Those of us without air-conditioning in this unusual Ithaca heat wave are tossing fitfully throughout the night. We aim fans directly on our bodies. We open all the windows, praying for a breeze.
In the morning, we move like zombies, headachy and grumpy.
There is no point in following my usual routine.
The farmers keep farming.
The office workers go in early, looking for relief in air-conditioning, though it wasn’t designed to keep this kind of heat at bay.
The privileged, who live with air-conditioning, are afraid to leave home.
The elderly are warned about the dangers of heat stroke.
Years ago when Adrian and I lived in southern Florida, we played tennis outdoors no matter what the temperature.
Sweat dripped off us, soaked our shirts, loosened our grip on the rackets.
Our reward after an intense forty-five minutes to an hour of sweat was to don our bathing suits and jump in the pool.
That was the life.
But I am fragile now.
I imagine my body struggling to survive, its parts slowly but inexorably getting weaker.

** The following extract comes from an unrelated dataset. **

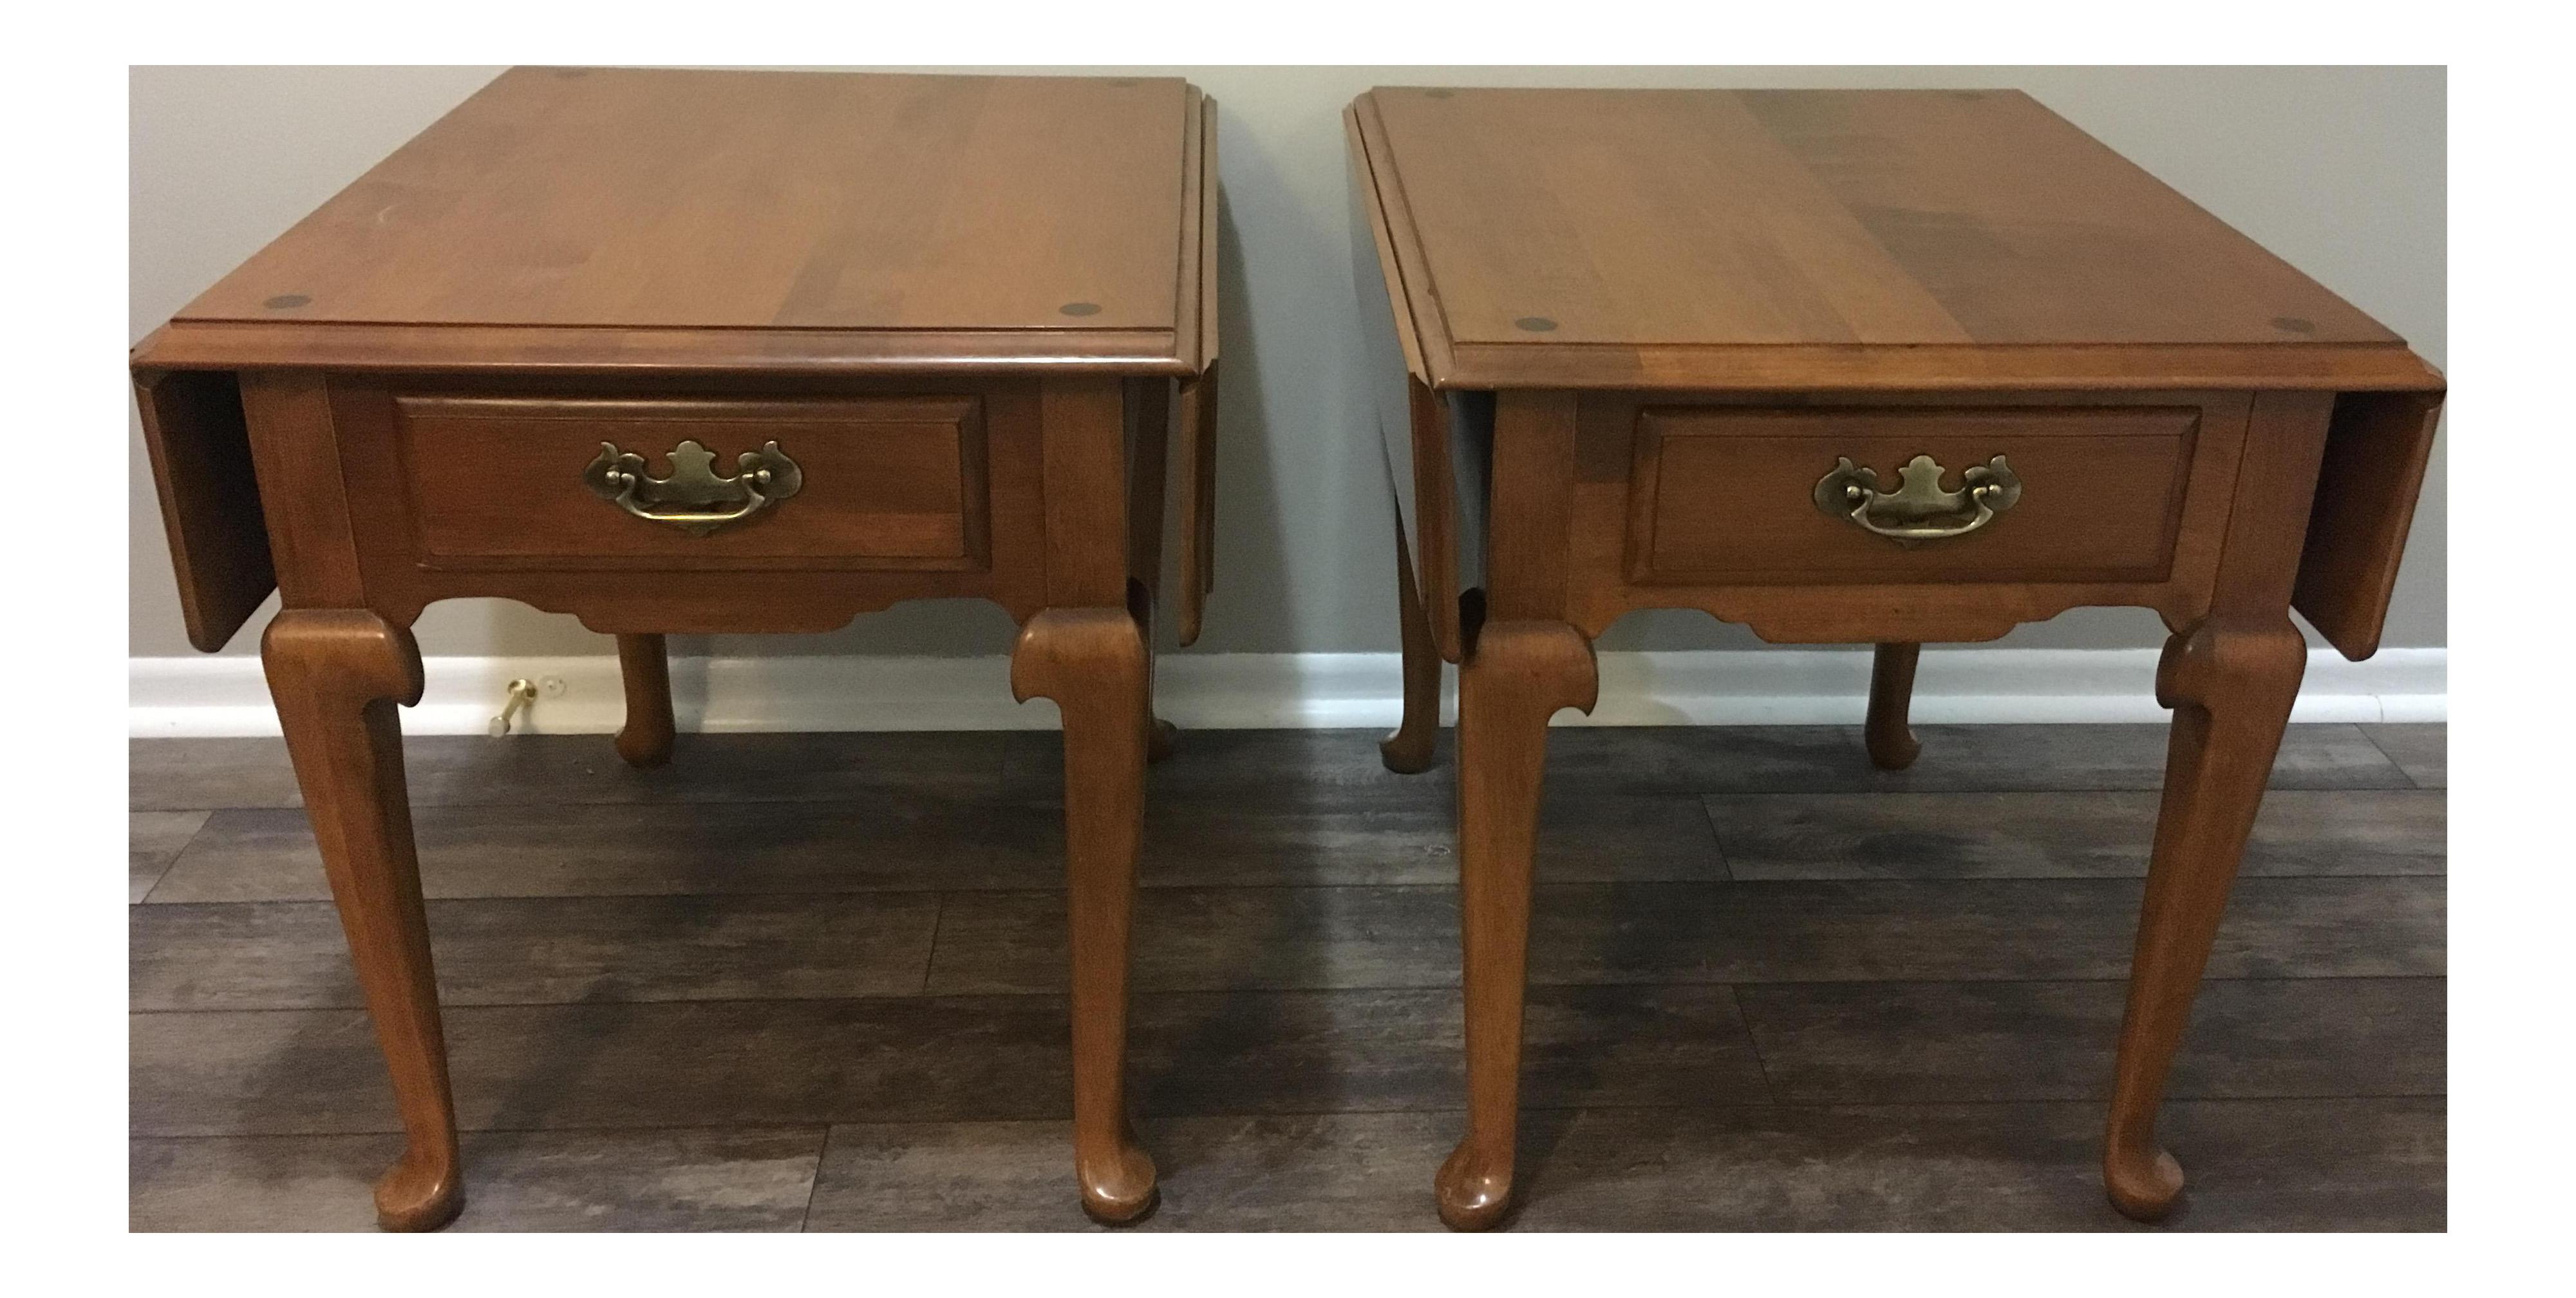 Vintage Ethan Allen Drop Leaf Side Tables A Pair On Chairish Com

Are these heart palpitations I’m feeling?
I take my blood pressure.
“Yes,” the machine tells me, “You are having heart palpitations.”
Last year I told my doctor that the blood pressure machine said I was having heart palpitations.
“We all do on occasion,” he said.
The heat must exaggerate mine.
Or I’m dying.
But I am dying.
I just don’t know when.
And it probably won’t be today.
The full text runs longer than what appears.